TASK GOAL
In the records below, reproduce exactly the lines from the one containing "Charles Leclerc, du karting à Ferrari" through the one containing "Technische Daten Akku", both included, and omit the pictures.

==== DATA SHOWN

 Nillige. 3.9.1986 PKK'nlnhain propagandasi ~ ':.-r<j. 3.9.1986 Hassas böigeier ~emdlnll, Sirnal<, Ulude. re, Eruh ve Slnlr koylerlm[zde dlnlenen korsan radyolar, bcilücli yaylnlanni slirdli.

========
==== DATA SHOWN

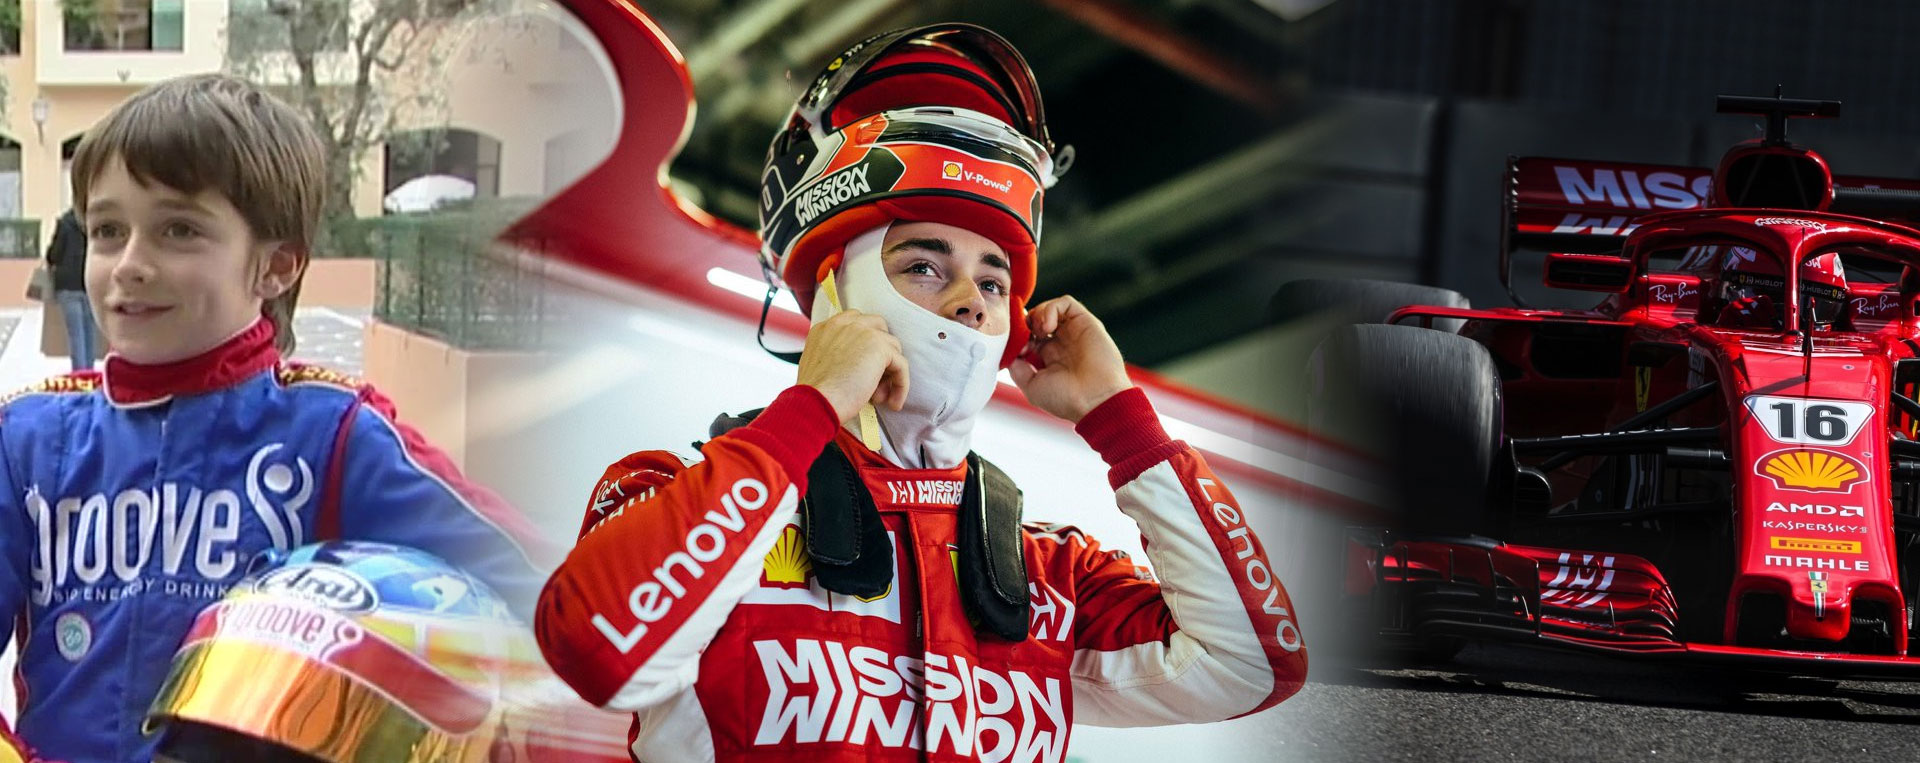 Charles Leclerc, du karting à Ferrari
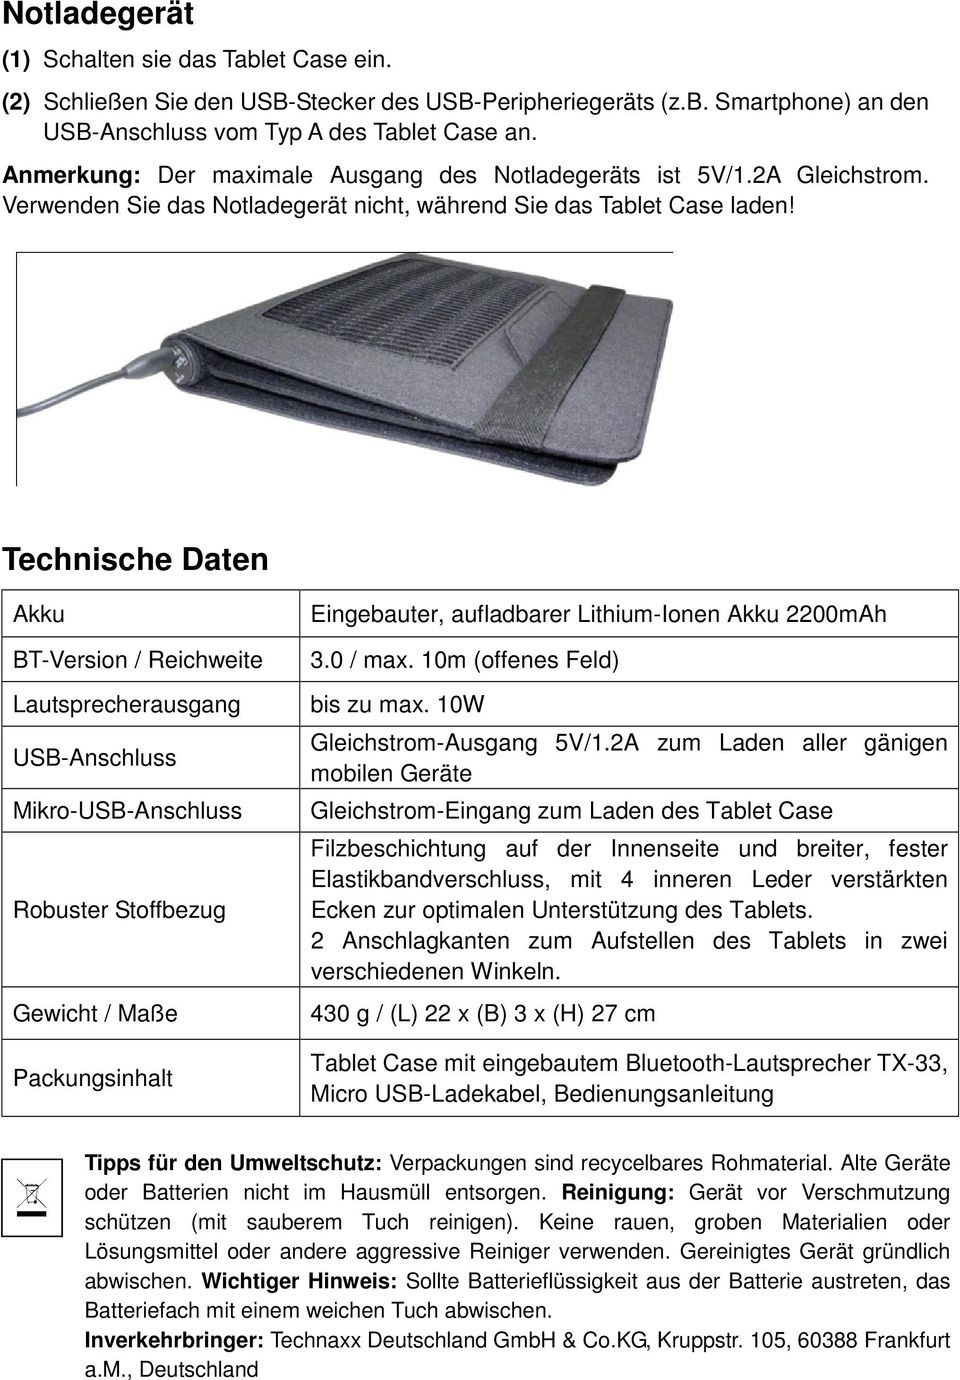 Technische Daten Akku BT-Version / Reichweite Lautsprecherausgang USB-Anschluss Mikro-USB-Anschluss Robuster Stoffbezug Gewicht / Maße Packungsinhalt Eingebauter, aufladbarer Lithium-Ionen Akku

========

WRITTEN ANSWER
 Charles Leclerc, du karting à Ferrari
 Technische Daten Akku BT-Version / Reichweite Lautsprecherausgang USB-Anschluss Mikro-USB-Anschluss Robuster Stoffbezug Gewicht / Maße Packungsinhalt Eingebauter, aufladbarer Lithium-Ionen Akku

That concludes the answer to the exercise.